The equipment division marked a promising rebound in the quarter with an increase of 9.0 percent.
For the full 2017 financial year, Essilor's revenues went up by 6.7 percent in terms of local currencies, with acquisitions contributing 3.6 percentage points to the growth. Translated into euros, they went up by 5.3 percent to €7,490 million.
Despite the difficulties in Brazil and India, Essilor's total sales in fast-growing markets grew by 12 percent last year to nearly €1.8 billion, representing almost 24 percent of the group's turnover, compared with a share of 15 percent in 2011. In China, acquisitions helped to raise total revenues by 30 percent, and they are expected to pass the €500 million mark in 2018.
The group's gross margin declined by 0.8 percentage points to 58.0 percent last year, mainly because of the rapid growth of the less profitable online business and a 9 percent drop in sales of high-margin Transitions lenses to other manufacturers.
The drop occurred in spite of the roll-out of the Varilux X series and other new products in various countries that came with a price premium, helping to boost revenues. The new progressive lens, which already represents 70 percent of all new sales of Varilux lenses, was launched in the U.S. at the end of 2017 and will be introduced in Asia and Latin America this year. First launched in the U.S., Crizal Sapphire will come to Europe next month.
On an adjusted basis, excluding one-off expenses of €109 million linked to the proposed merger with Luxottica and a positive €73 million impact from tax changes in the U.S. and France, the operating profit inched up by 1.5 percent to €1,248 million. Operating margins were depressed by significant investments in Brazil and China, restructuring provisions of €33 million and €82 million in compensation for share-based payments to a growing number of employees.

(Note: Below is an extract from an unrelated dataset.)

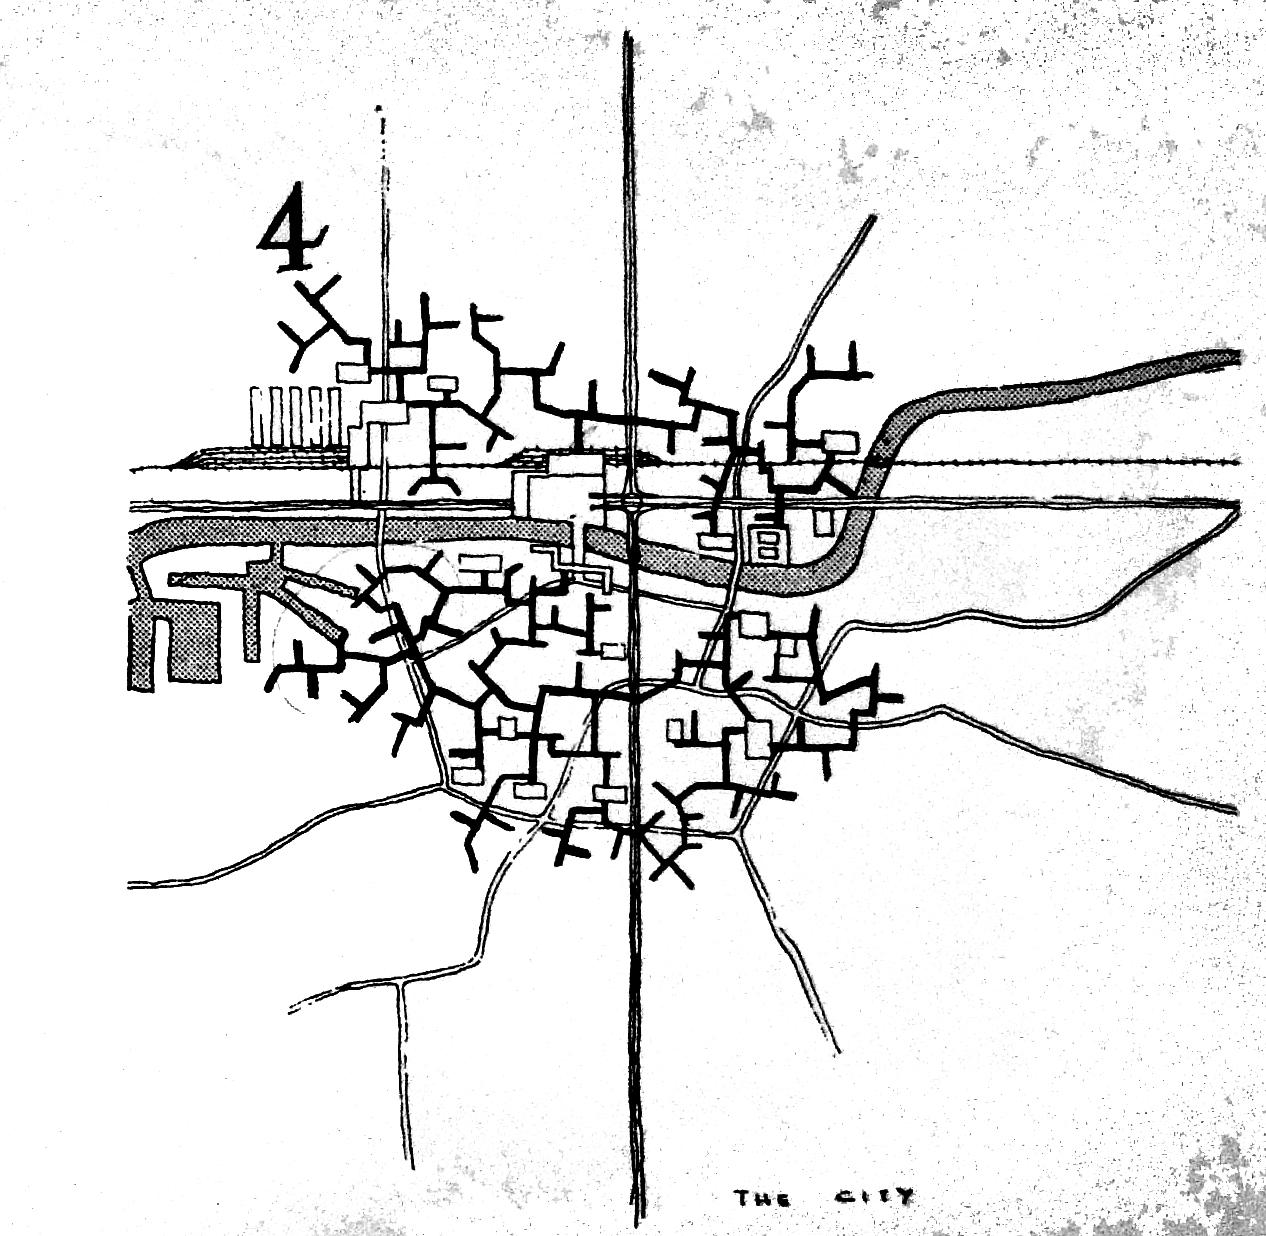 Golden lane housing 1952 londres alison y peter smithson for Team x architecture

Free cash flow reached a record adjusted level of more than €1 billion, allowing the group to reduce its net debt by €400 million. The net income attributable to shareholders rose by 2.5 percent to €833 million. The overall tax rate declined to 22.1 percent, and it should stay at that level for several years.
Organically, the group's sales went up by 3.1 percent last year, and the momentum picked up in the second half with a rise of 3.8 percent year-on-year against an increase of only 2.5 percent in the first half. Looking at the different segments, Essilor's organic annual sales rose by 3.4 percent in lenses & optical instruments, by 0.1 percent in sunglasses & readers and 5.8 percent in equipment.
Within the lenses and instruments division, the group's e-commerce business grew by about 13 percent overall, reaching a higher-than-planned turnover of €440 million under the leadership of Bernard Nuesser, and it is becoming profitable for the first time in the more mature countries. In the U.S., Clearly rebounded during the second half of the year, offering a new consumer experience platform on its website. In Europe, Vision Direct and Glasses Direct recorded robust sales growth. In Scandinavia, the operations of LensOn and LensWay were combined. Essilor has begun to invest in the deployment of e-commerce in China, India and Brazil.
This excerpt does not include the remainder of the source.